§ **Provided material**:

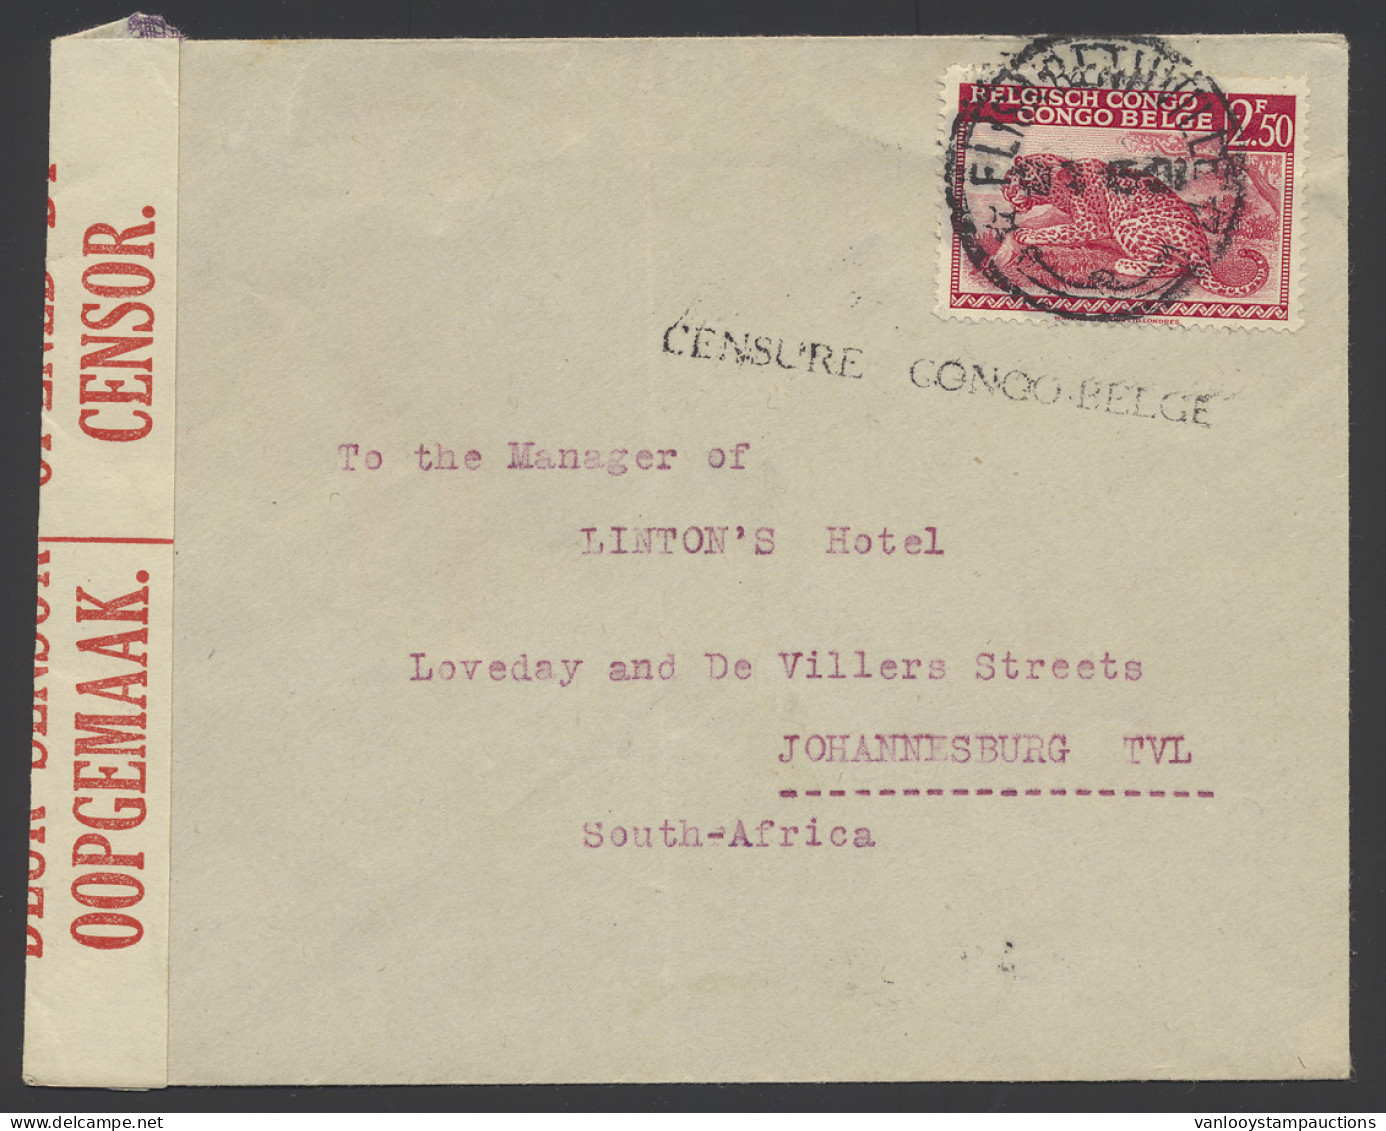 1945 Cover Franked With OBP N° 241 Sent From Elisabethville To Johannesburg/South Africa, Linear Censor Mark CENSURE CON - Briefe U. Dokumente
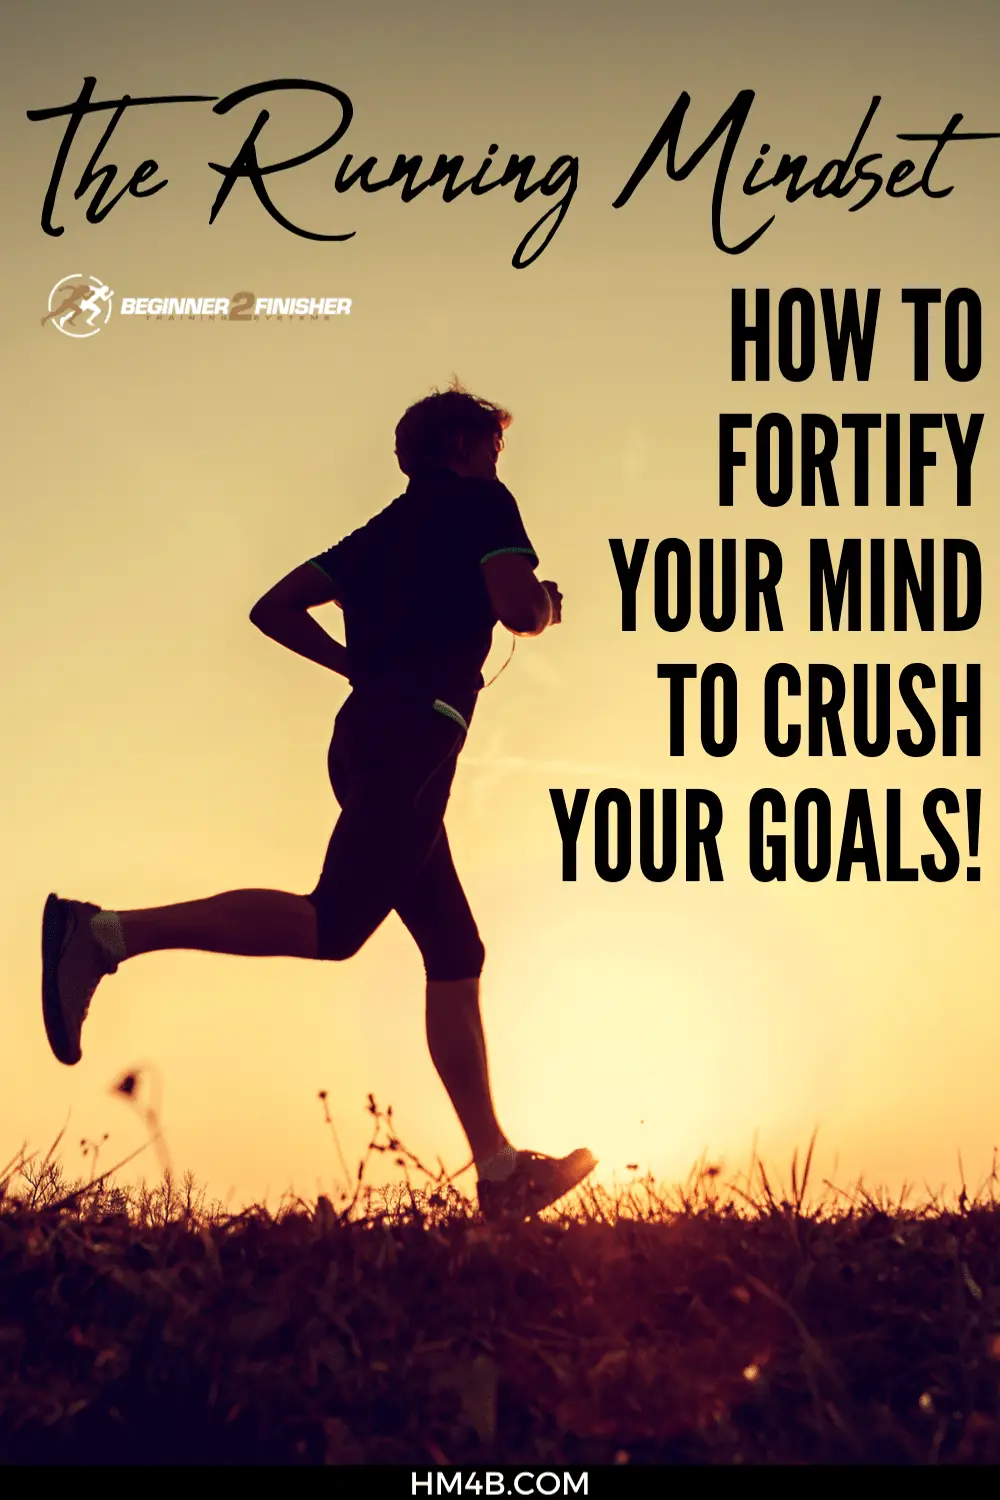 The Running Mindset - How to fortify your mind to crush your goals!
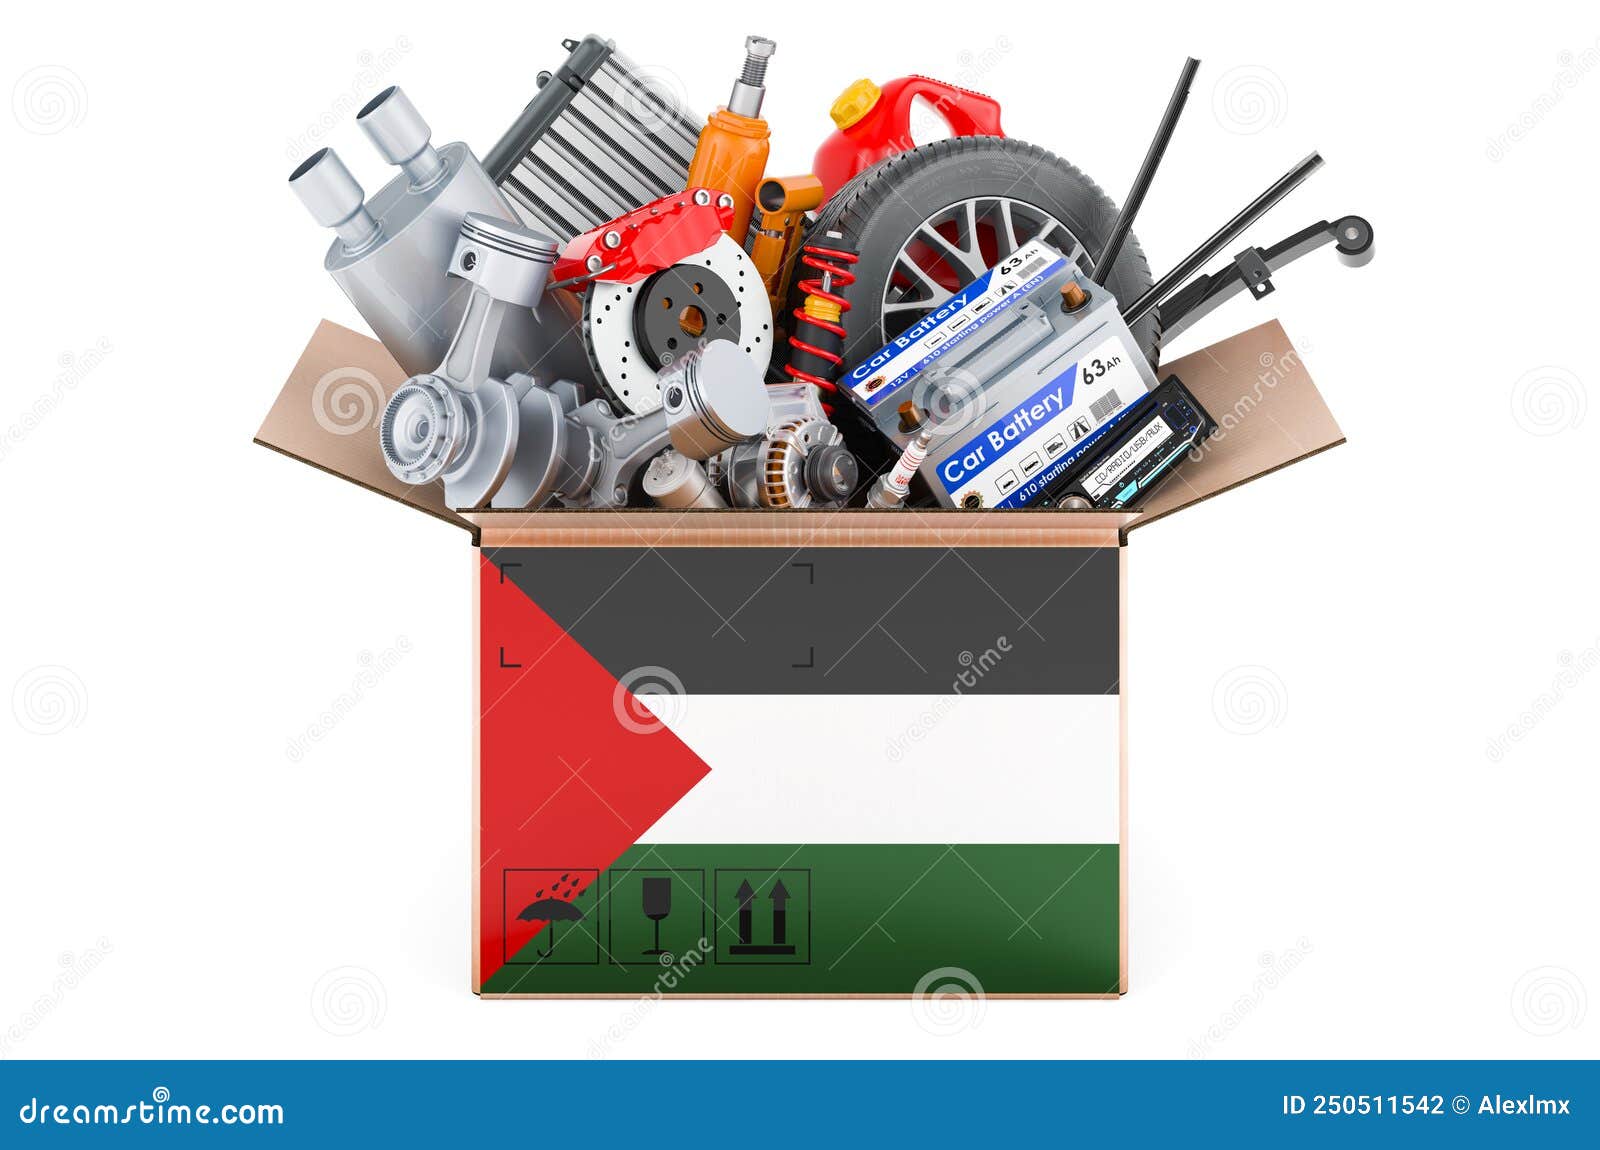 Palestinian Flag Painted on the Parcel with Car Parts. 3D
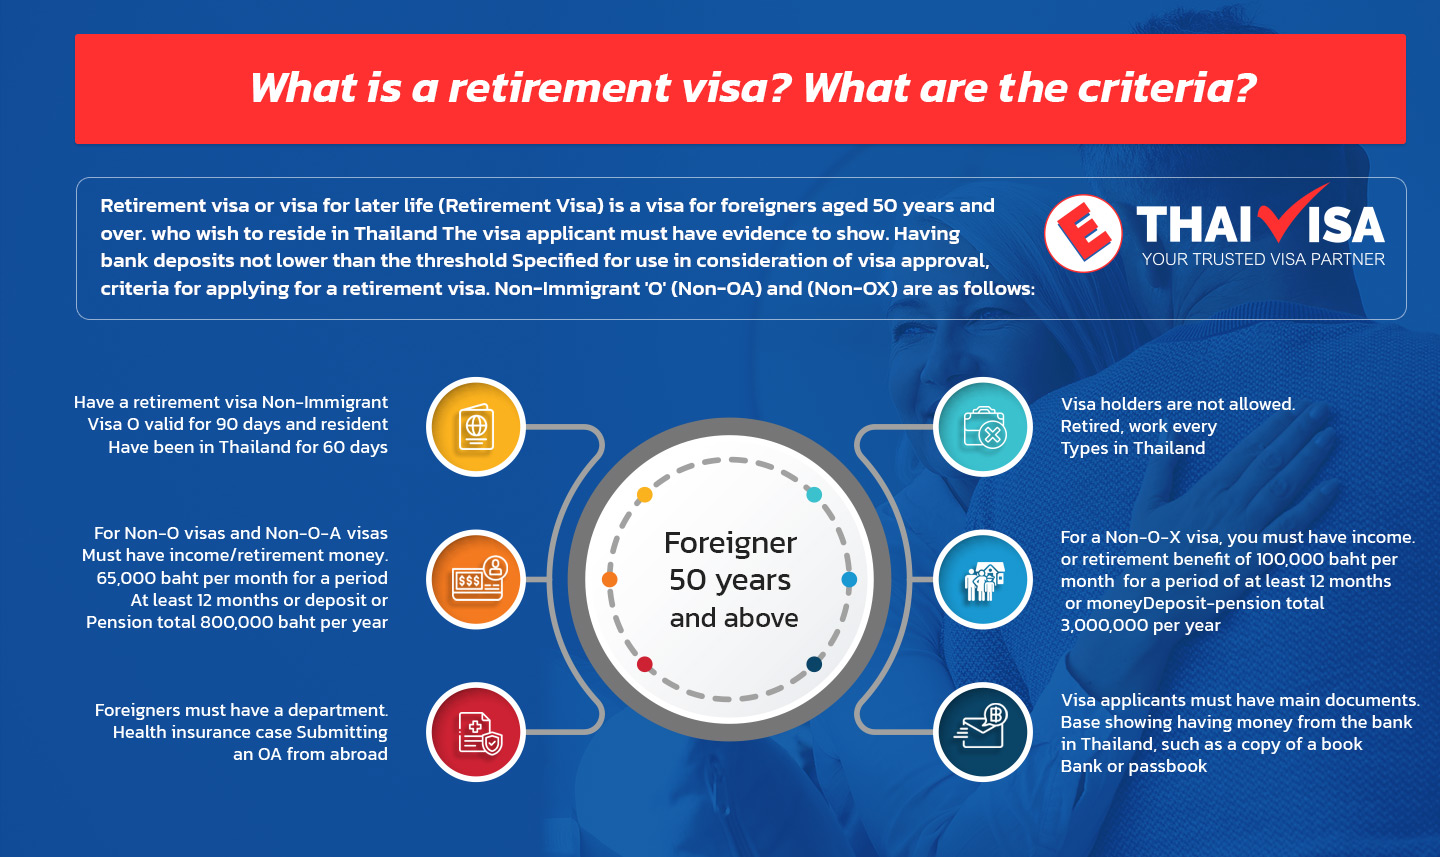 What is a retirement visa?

§ **What is required**: Only the lines from the one with "The Running Mindset" to the end of the listing, both ends included, should be retyped exactly; no pictures belong in the copy.

§ **Answer box**:
 The Running Mindset - How to fortify your mind to crush your goals!
 Palestinian Flag Painted on the Parcel with Car Parts. 3D
 What is a retirement visa?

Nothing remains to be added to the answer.